[EXERCISE DATA Boundary: Start]

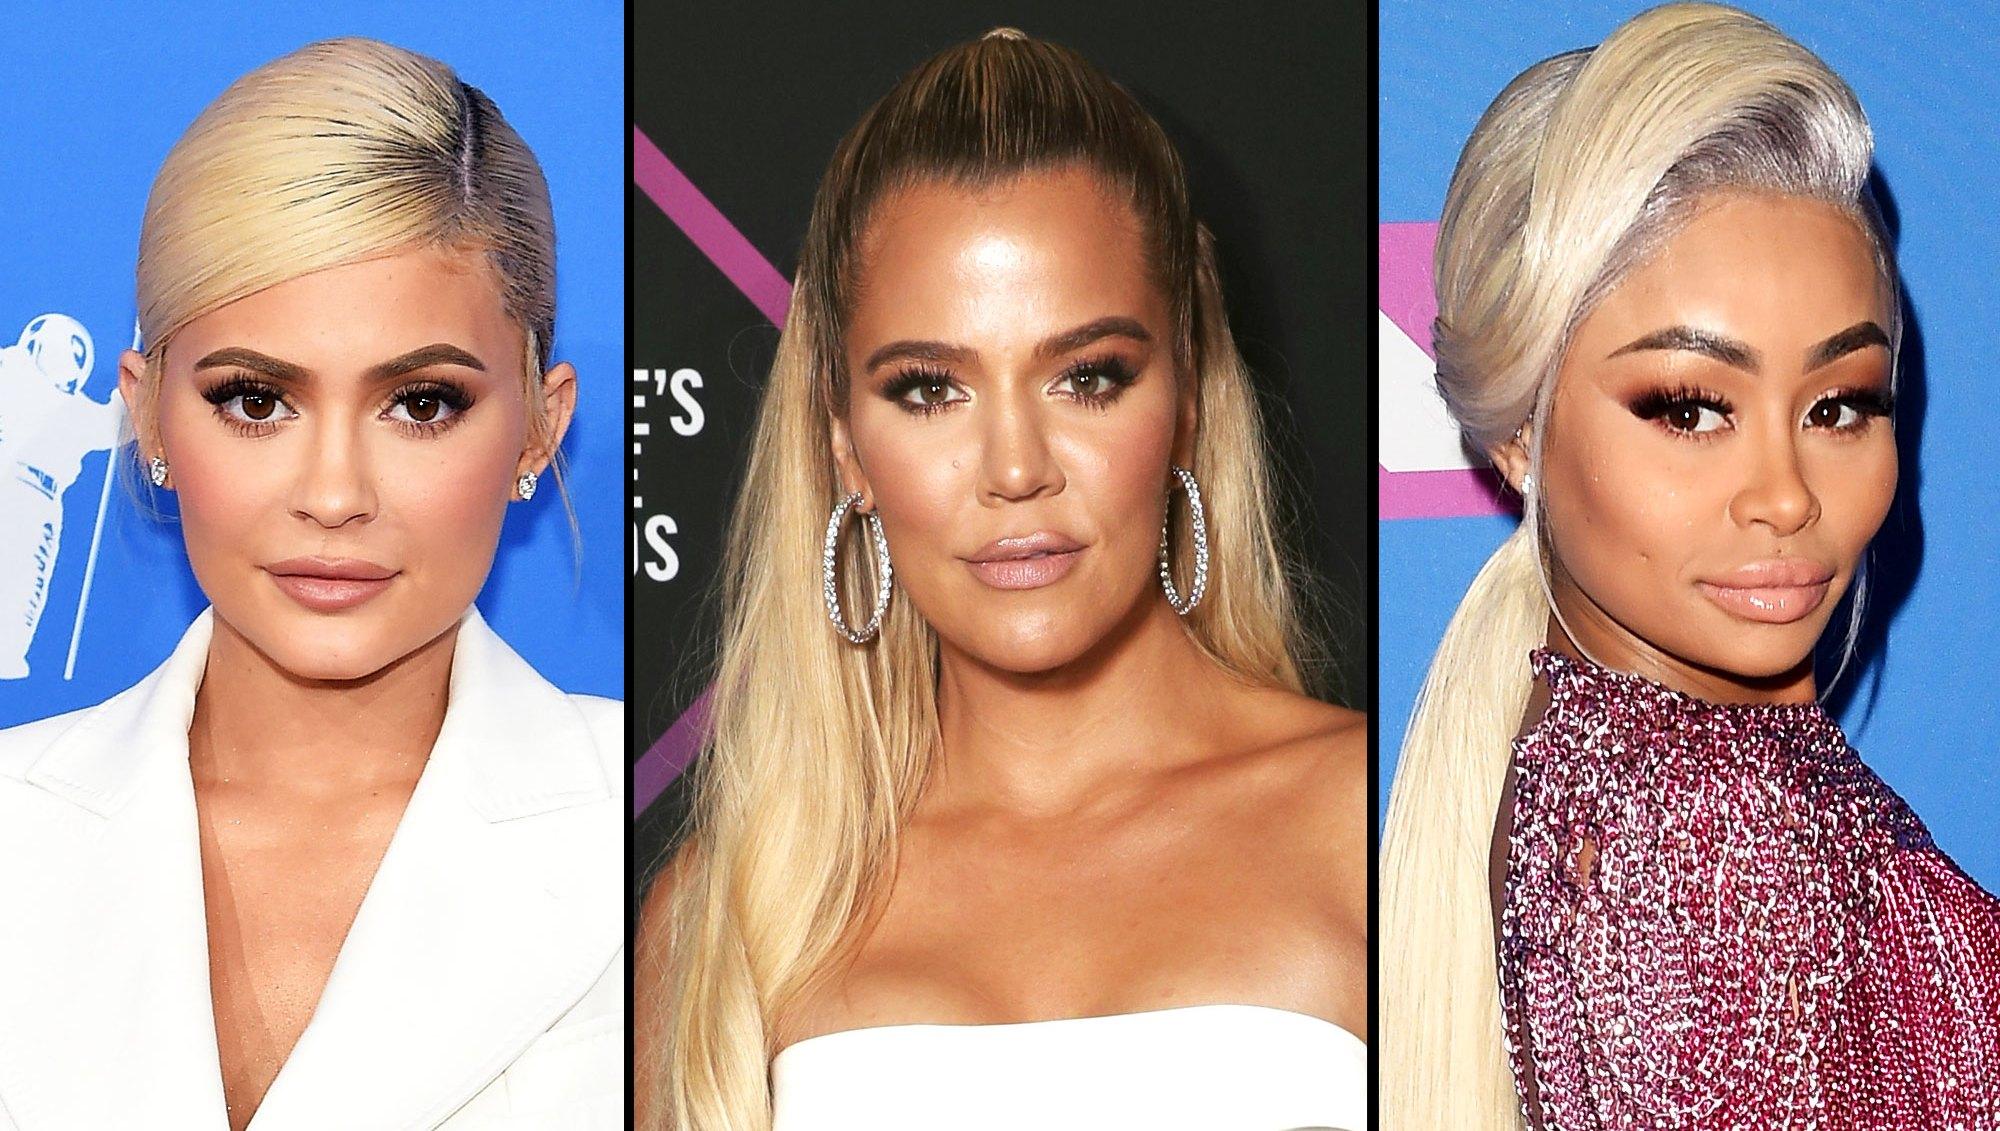 Kylie Jenner, Khloé Kardashian and Blac Chyna
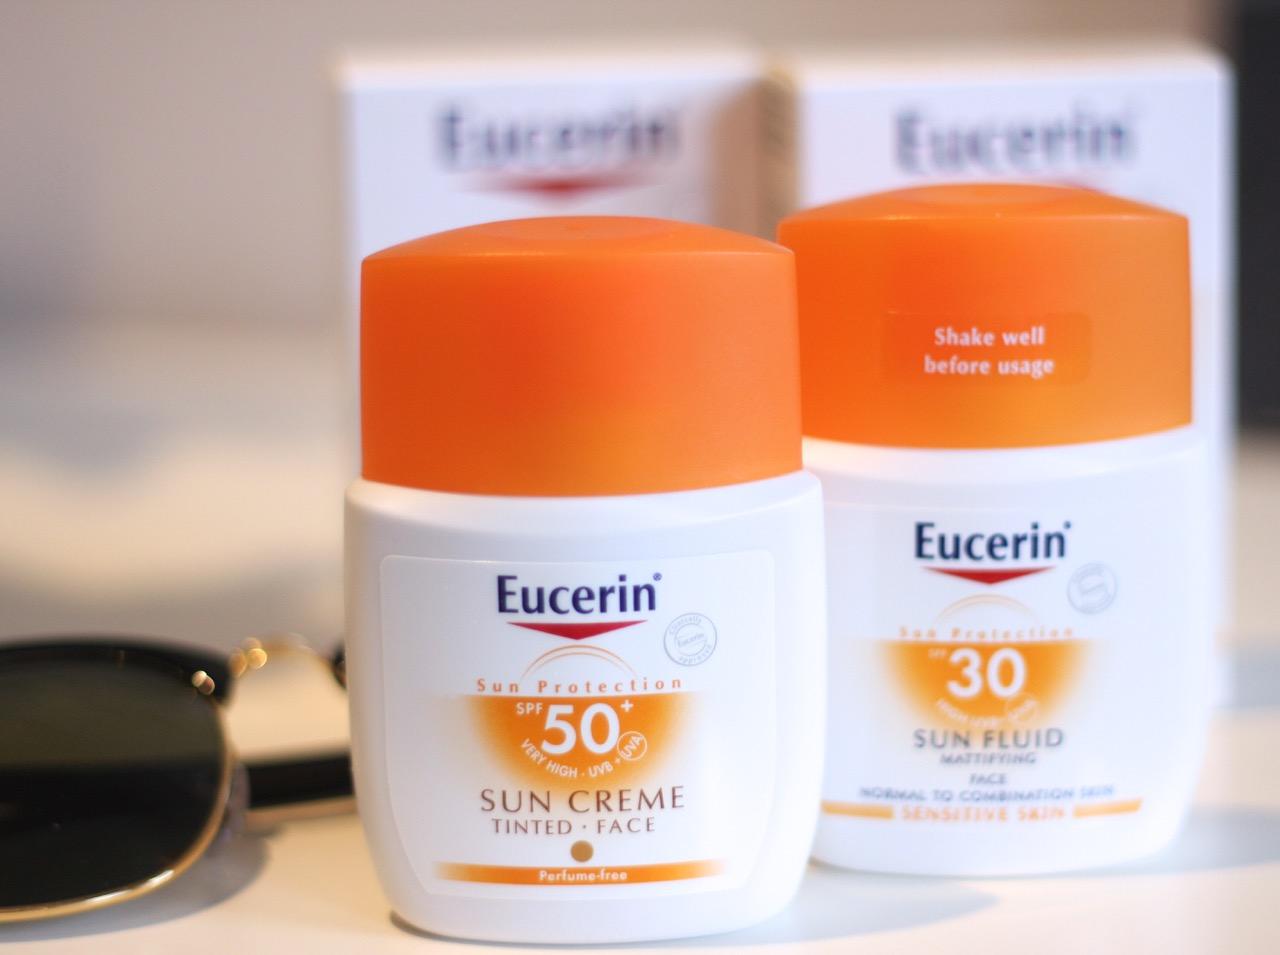 eucerin sun fluid mattifying face spf 30
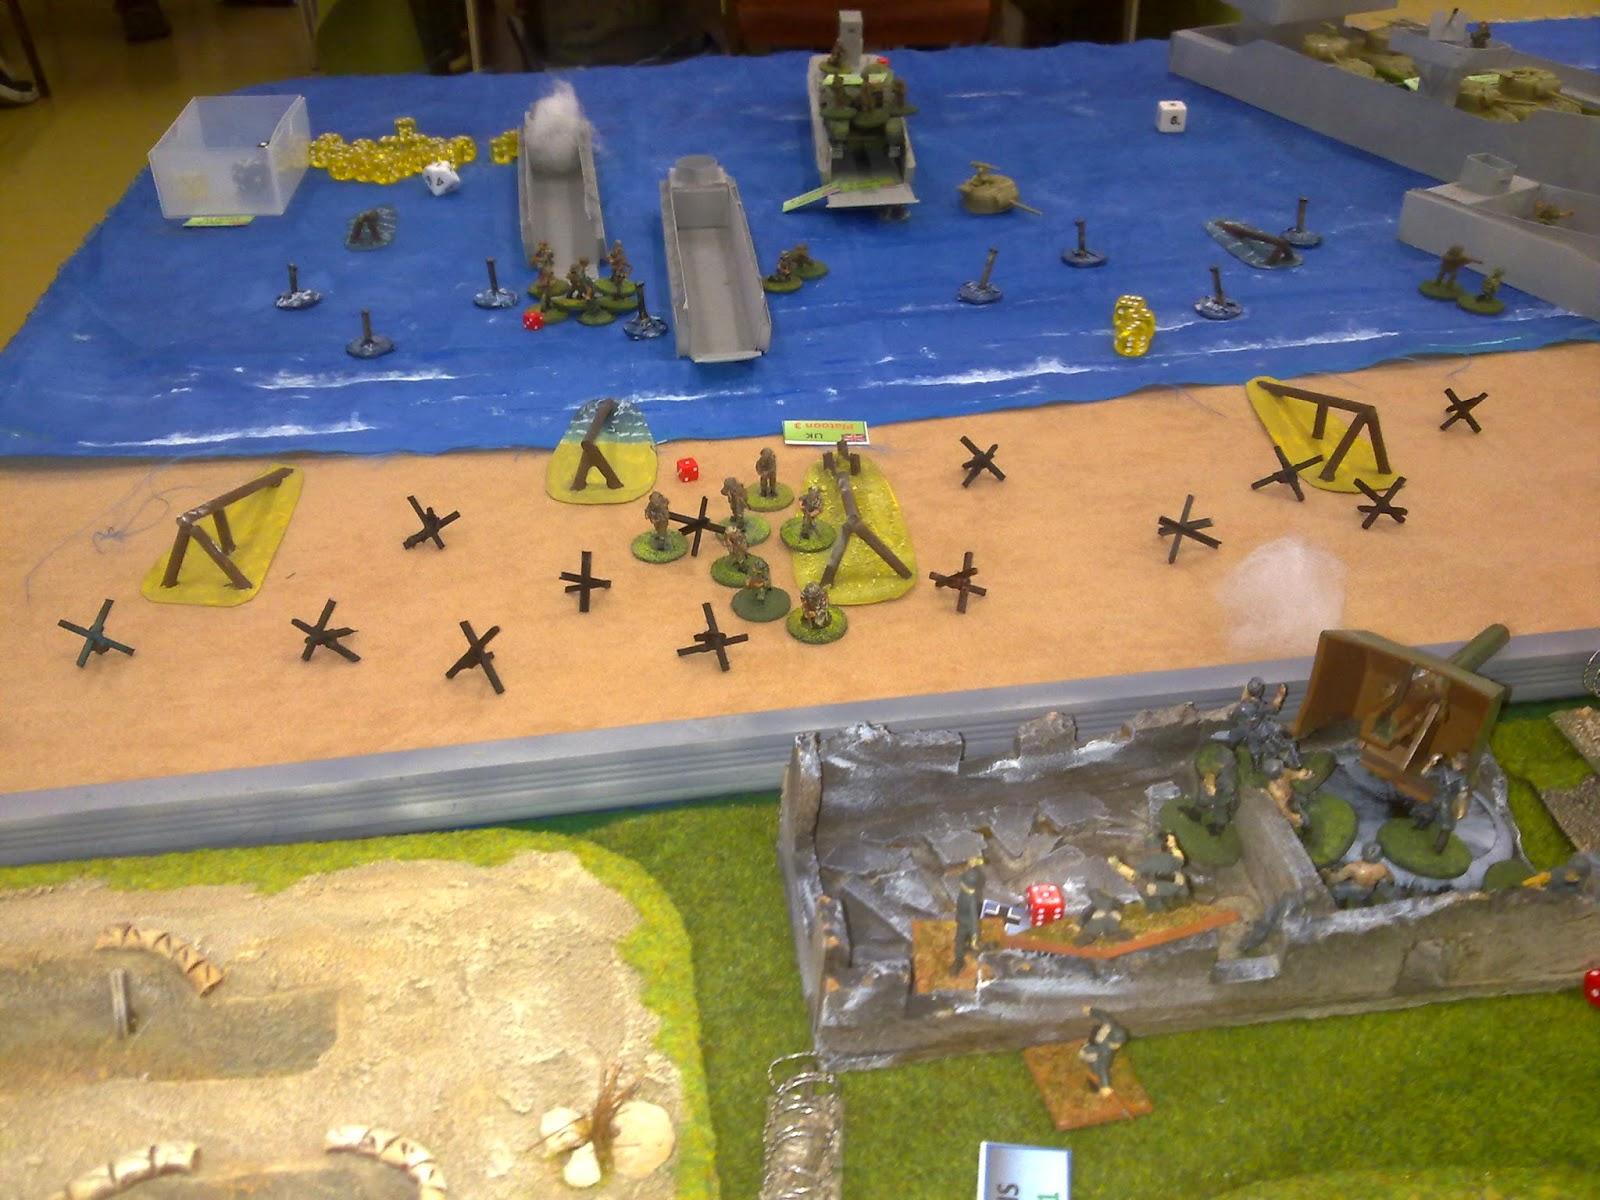 1st Platoon's Flank

[EXERCISE DATA Boundary: End]

### WORK REQUEST
Your copy should hold only the lines from the line with "eucerin sun fluid mattifying face spf 30" through the end of the data above, both ends included, transcribed exactly and without pictures.

### ANSWER TO THIS TASK
 eucerin sun fluid mattifying face spf 30
 1st Platoon's Flank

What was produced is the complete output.